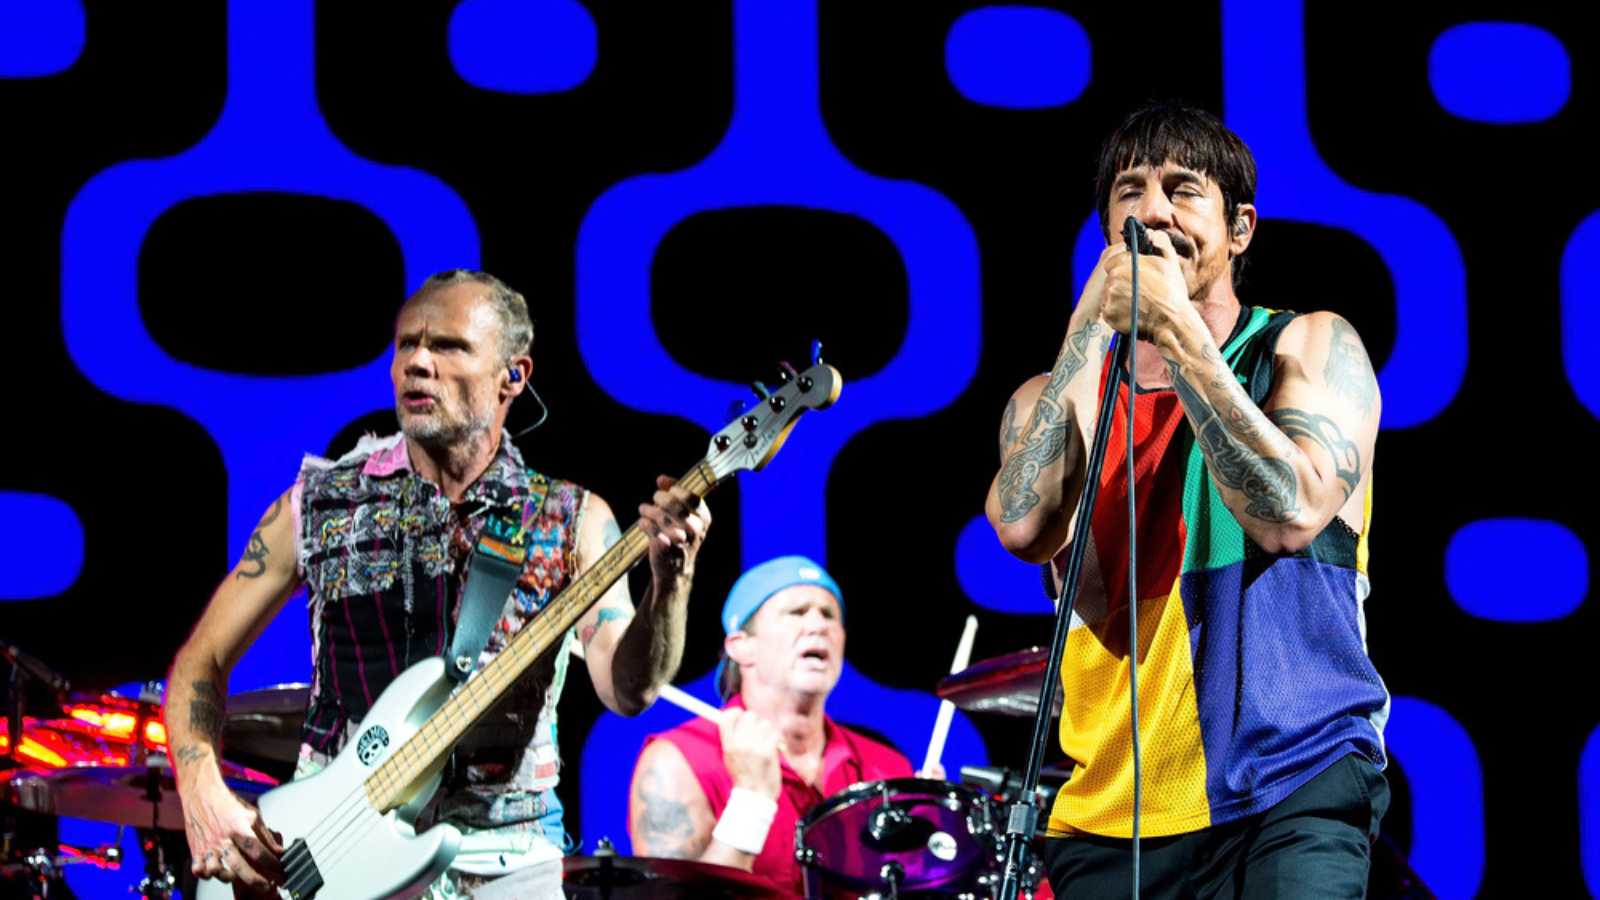 BENICASSIM, SPAIN - JUL 15: Red Hot Chili Peppers (music band) performs in concert at FIB Festival on July 15, 2017 in Benicassim, Spain.
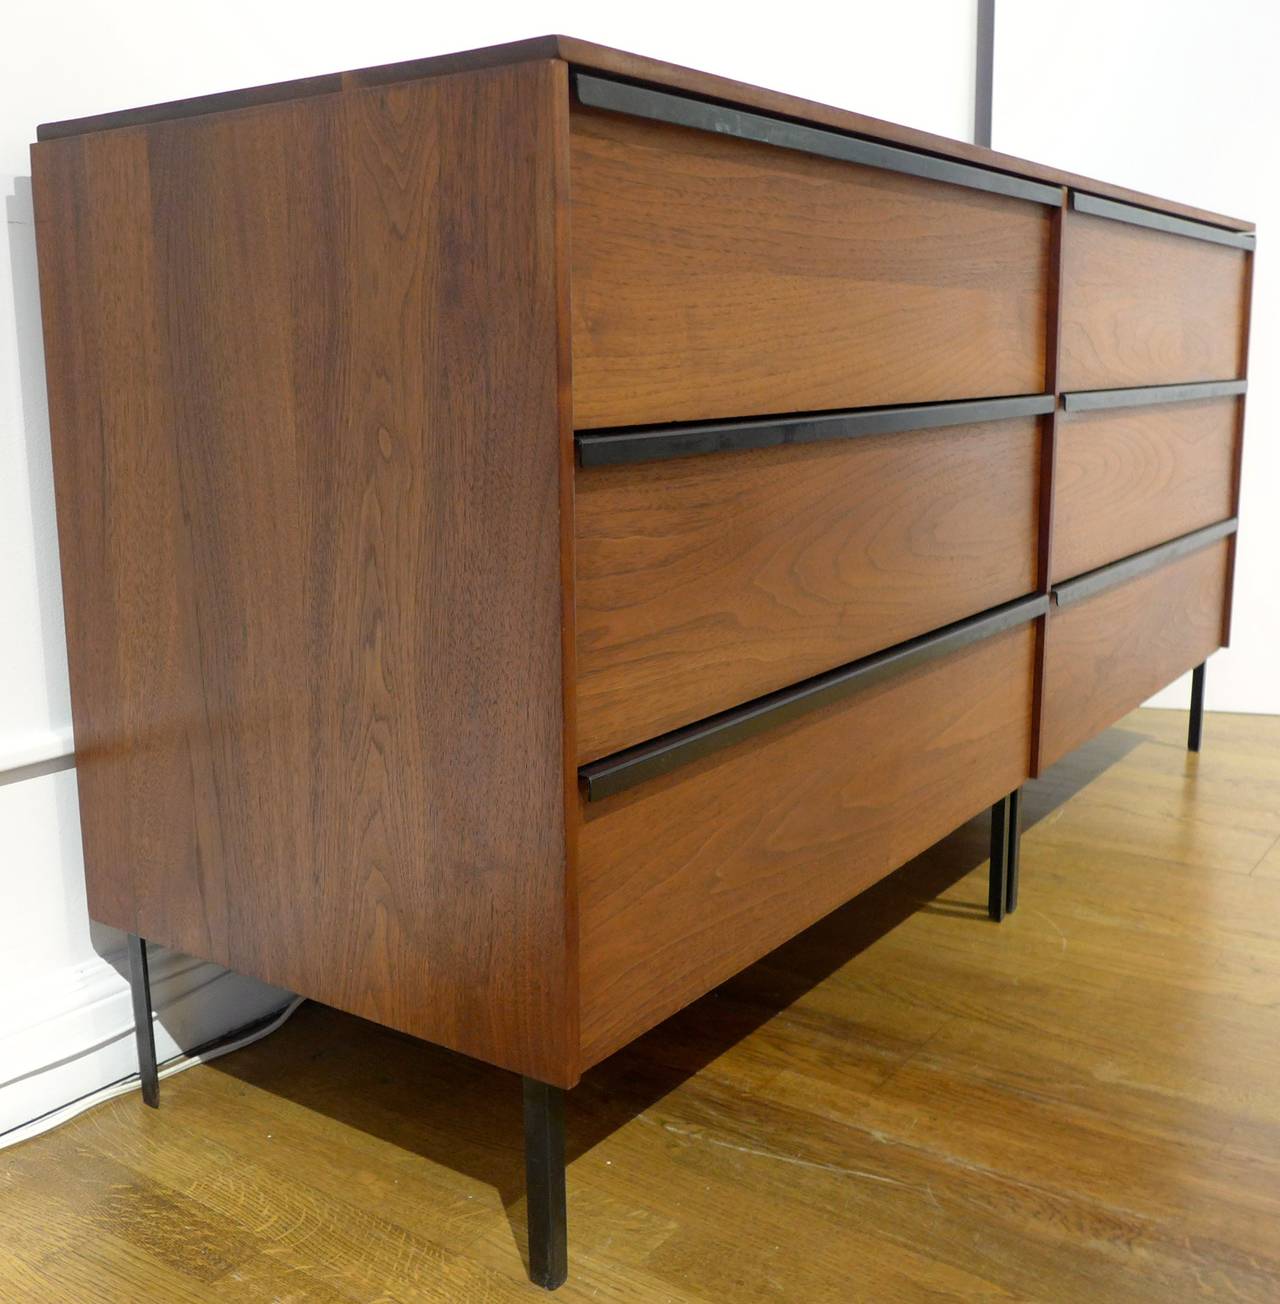 Double chest in walnut with linear steel pulls, steel angle framing, and white laminate drawer bottoms. Part of a modular series by New York City designer, teacher, and author Norman Cherner. The structural framing forms a skeleton for the
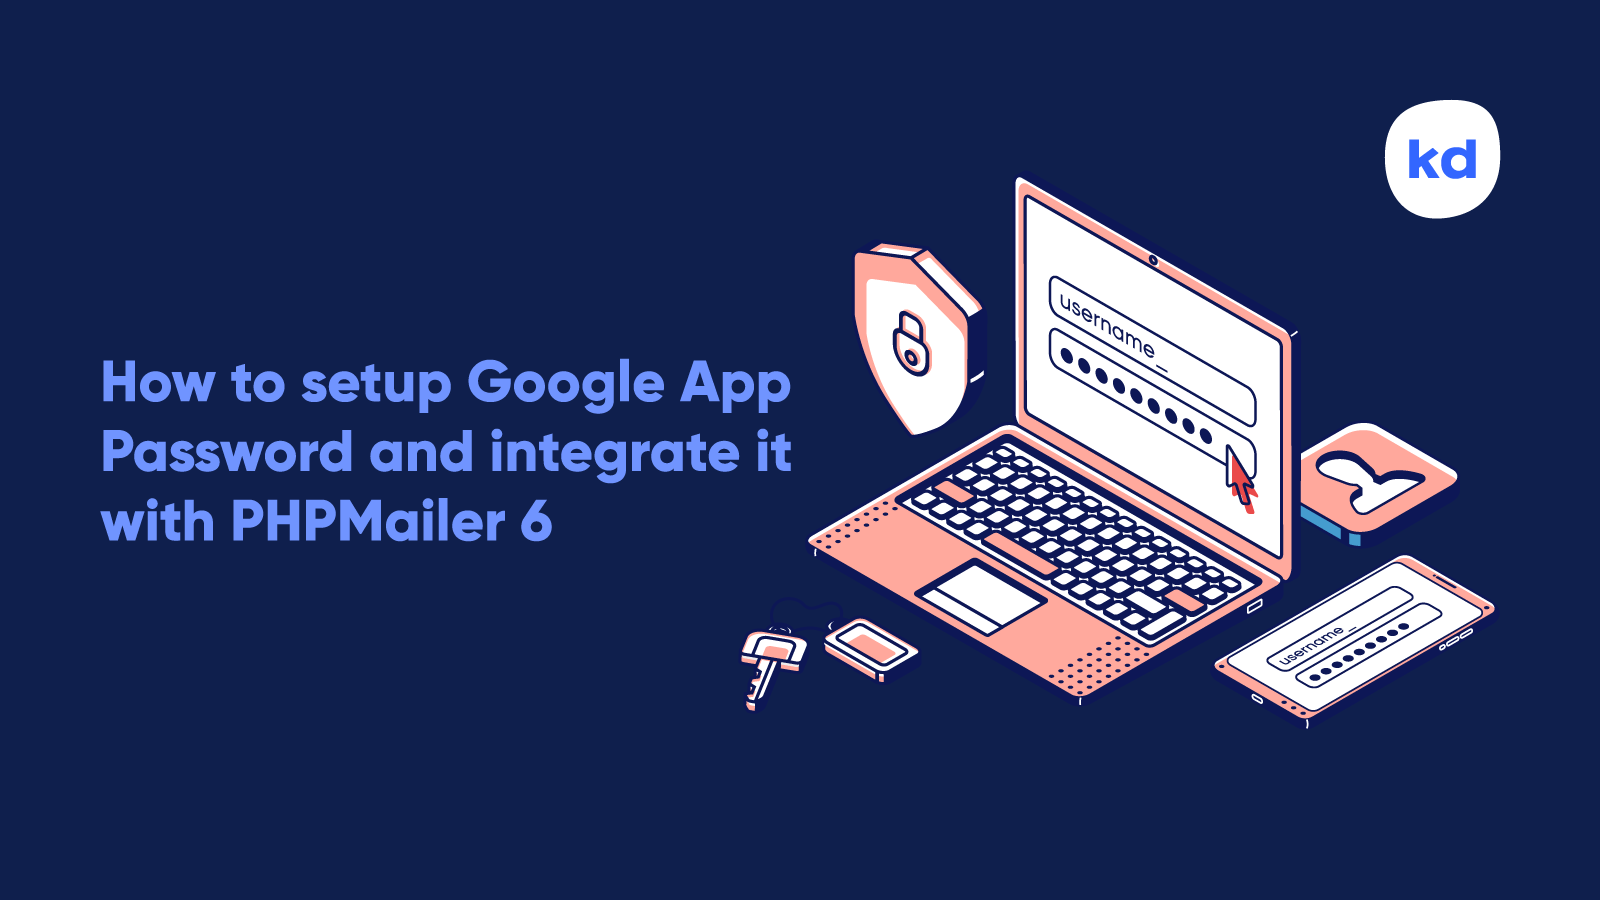 How to setup Google App Password and integrate it with PHPMailer 6.
######
# WHAT YOU HAVE TO DO:
Using the material above, restate word for word the lines from the line that has "Double chest in" to the last line, inclusive, with pictures omitted.

# COMPLETED EXERCISE:
 Double chest in walnut with linear steel pulls, steel angle framing, and white laminate drawer bottoms. Part of a modular series by New York City designer, teacher, and author Norman Cherner. The structural framing forms a skeleton for the
 How to setup Google App Password and integrate it with PHPMailer 6.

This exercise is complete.